L’indispensable expérimentation personnelle
C’est ce qui m’a amené à cinquante-huit ans à devenir auteur pour enfants. Si on arrive à se faire comprendre d’un enfant, c’est qu’on a touché à ce qu’il y a de plus simple et de plus fondamental. Je pars de l’expérimentation. Dans le domaine de la santé, de l’alimentation, comme dans celui du pardon, l’expérimentation me permet de ne pas avoir à croire. Je suis sorti de la croyance en une certaine Église avec l’envie de savoir, de connaître, de faire des expériences de première main. J’ai donc un besoin irrépressible de faire passer les choses par le vécu. Je suis un sceptique ouvert qui ne rejette rien a priori. Ceci m’a permis de vivre des choses qui sortent de tout cadre attendu, comme cette rencontre avec un chaman Yurok, en Californie, qui guérissait principalement avec l’eau et avec le feu dans lequel il pouvait plonger les deux mains, ce qui défiait les lois de la physique telle que nous la connaissons. Il m’a expliqué que ce n’est pas lui qui le maîtrisait mais le feu qui travaillait à travers lui. Je me passionne pour tout ce qui ouvre la conscience, élargit le champ de connaissance.
Faire réellement « bouger les lignes »
C’est ce que j’aime beaucoup chez le docteur Stanislas Grof, qui sera sans doute reconnu un jour pour avoir révolutionné comme Jung la psychiatrie, la psychothérapie et la psychologie contemporaines. Il a la rigueur de la médecine mais la capacité d’accueillir les choses les plus étonnantes dont il vérifie la validité : cinquante ans de recherches sur la conscience humaine résumés dans un livre que j’ai eu la grande chance de traduire, Quand l’impossible arrive. C’est une autobiographie bouleversante écrite à soixante-quinze ans dont chaque chapitre fait sauter une limite dans la représentation du monde.
Nous vivons un monde factice
Nous avons commencé notre conversation en pointant que, pour beaucoup de gens, ce qui nous rassemble c’est l’économie…et que le reste serait un peu de la foutaise. Ma conviction est que la plupart d’entre nous vivent dans un monde qui n’existe pas, une pure abstraction, une représentation faite d’histoires, de récits qui ne sont plus en accord avec ce que sait la science, ni avec ce que les grandes traditions spirituelles disent depuis des milliers d’années. On vit dans un monde qui n’existe pas. Charles Eisenstein note que certains se vantent de s’appuyer sur des faits. Un fait est quelque chose qu’on a fabriqué. C’est mythe de l’objectivité dont on sait avec la physique quantique qu’elle n’existe pas. Une histoire vraie est un oxymore. Une histoire peut contenir une part de vérité mais ne peut être vraie à cent pour cent. Elle traduit le point de vue d’un narrateur.
La vraie beauté du monde
Quand vous avez commencé à vous intéresser aux domaines que nous évoquons, comment vos proches vous percevaient-ils ?

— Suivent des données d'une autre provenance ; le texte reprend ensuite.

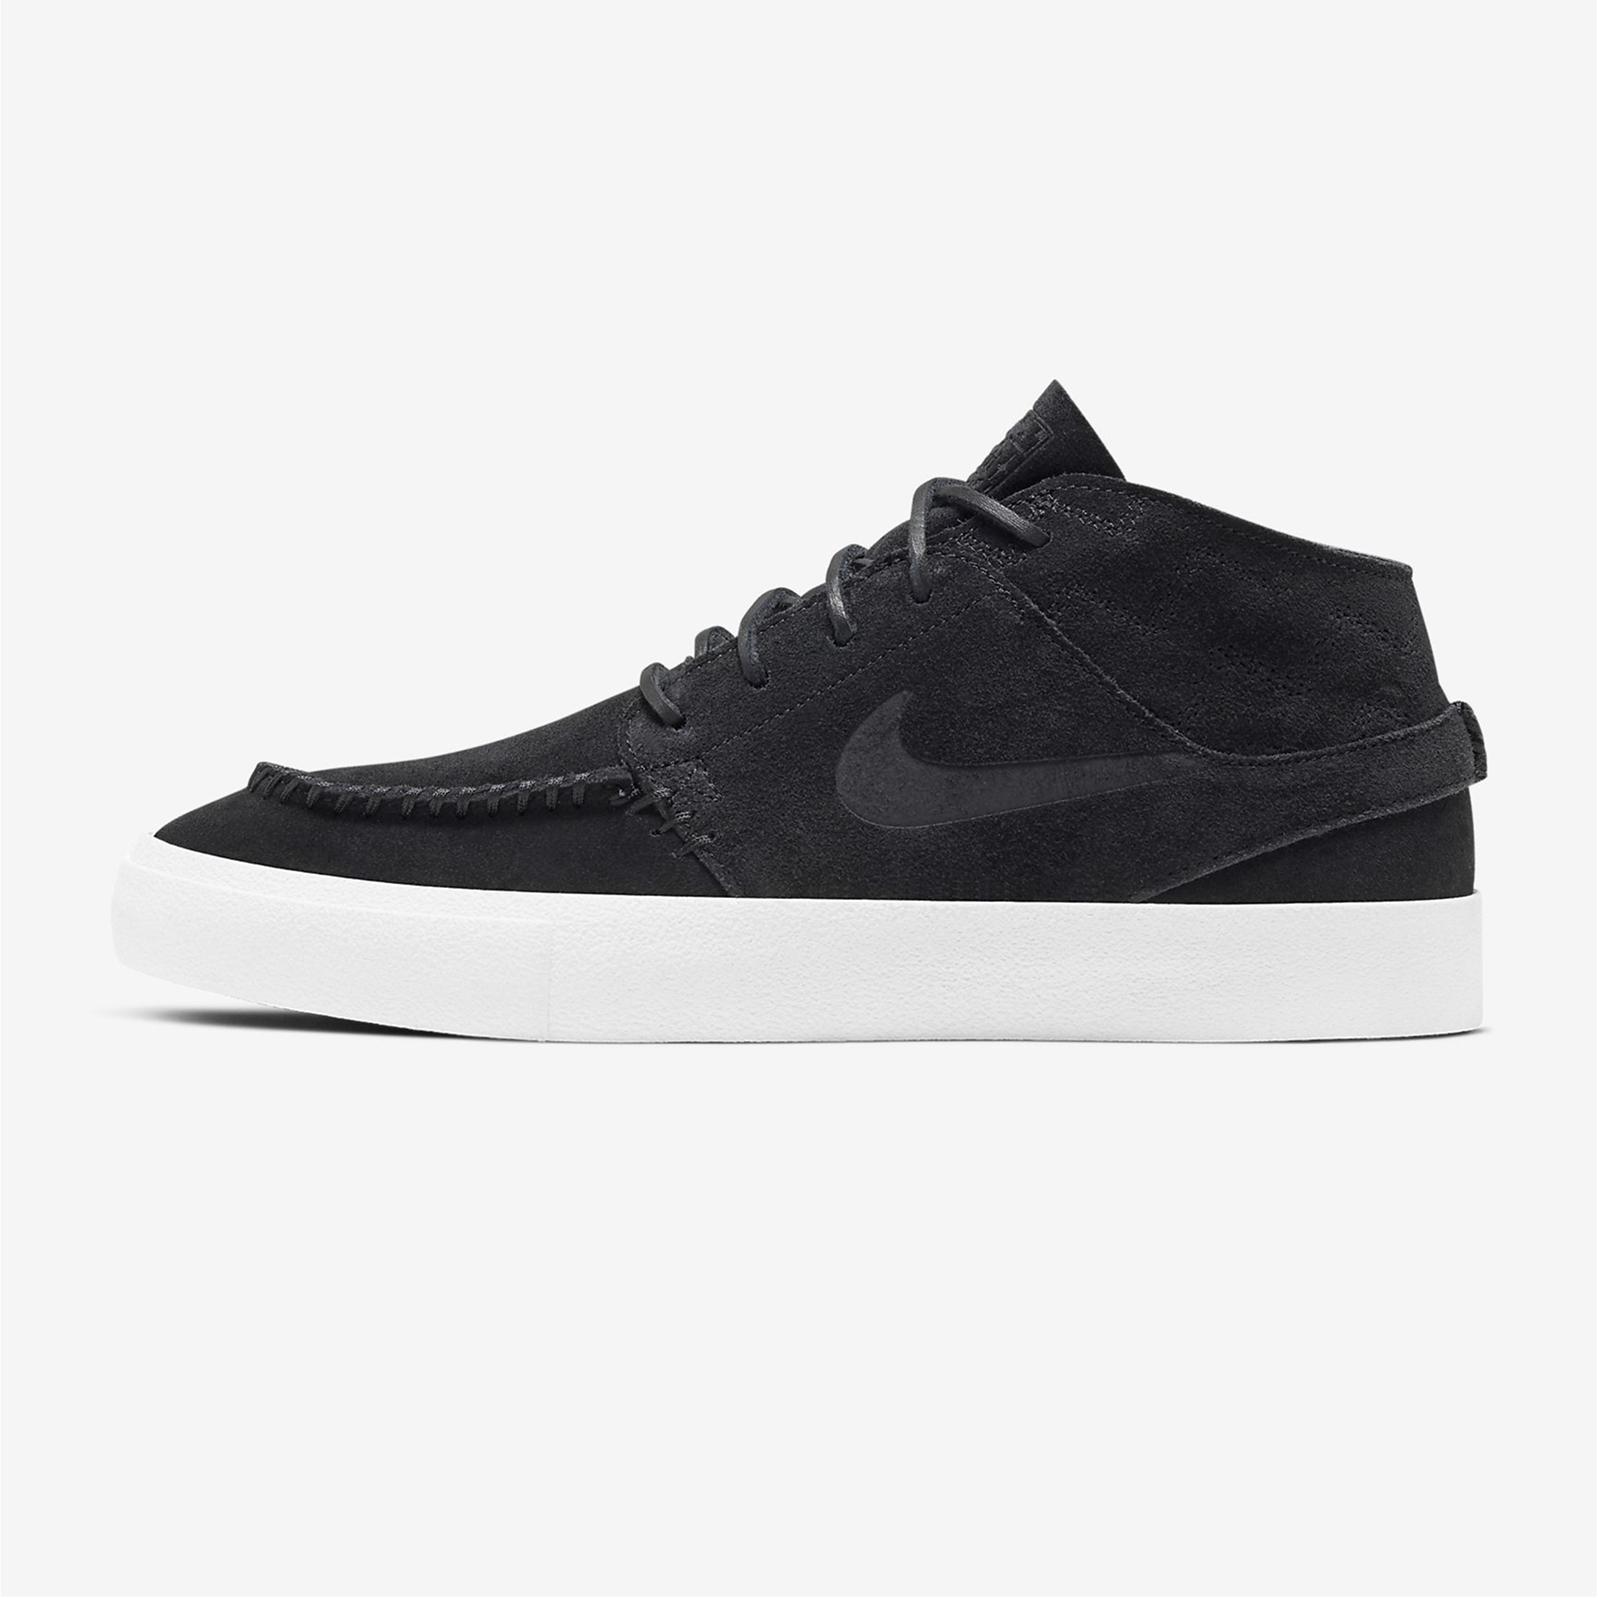 Nike 耐克 Zoom Janoski Mid RM Crafted 男女滑板运动鞋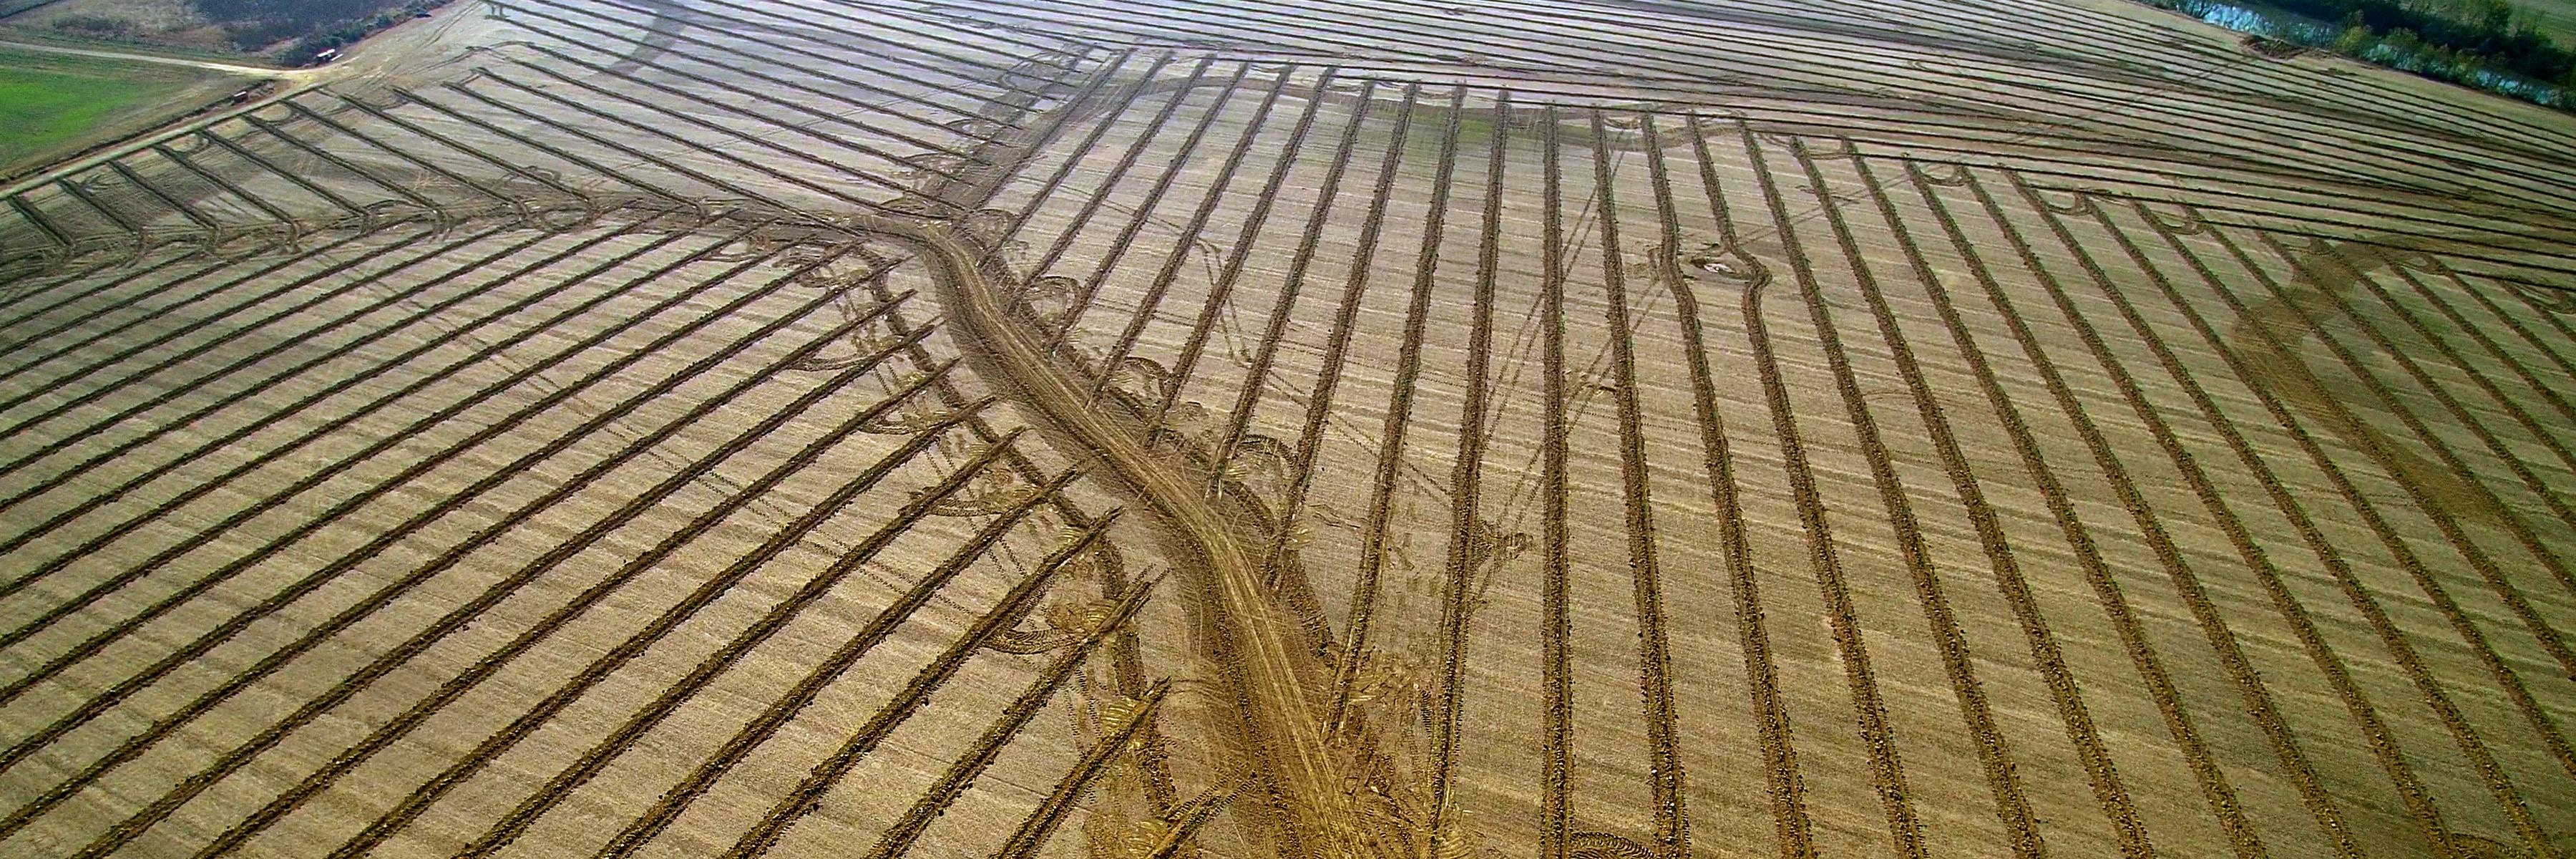 hayden tiling owensboro ky farm

Quand j’ai passé mon bac, à Genève, on m’appelait le lévitant. Je passais pour un extra terrestre. Je m’en suis fait une raison assez rapidement. Mon but n’était pas cependant d’être un type loufoque, bizarre. Être un passeur, créer des ponts me convient pour faire sortir les gens des petites boîtes dans lesquelles ils sont enfermés. Leur permettre de découvrir que le monde est beaucoup plus vaste, plus mystérieux, plus beau, plus mystérieux que ce qu’on imagine habituellement.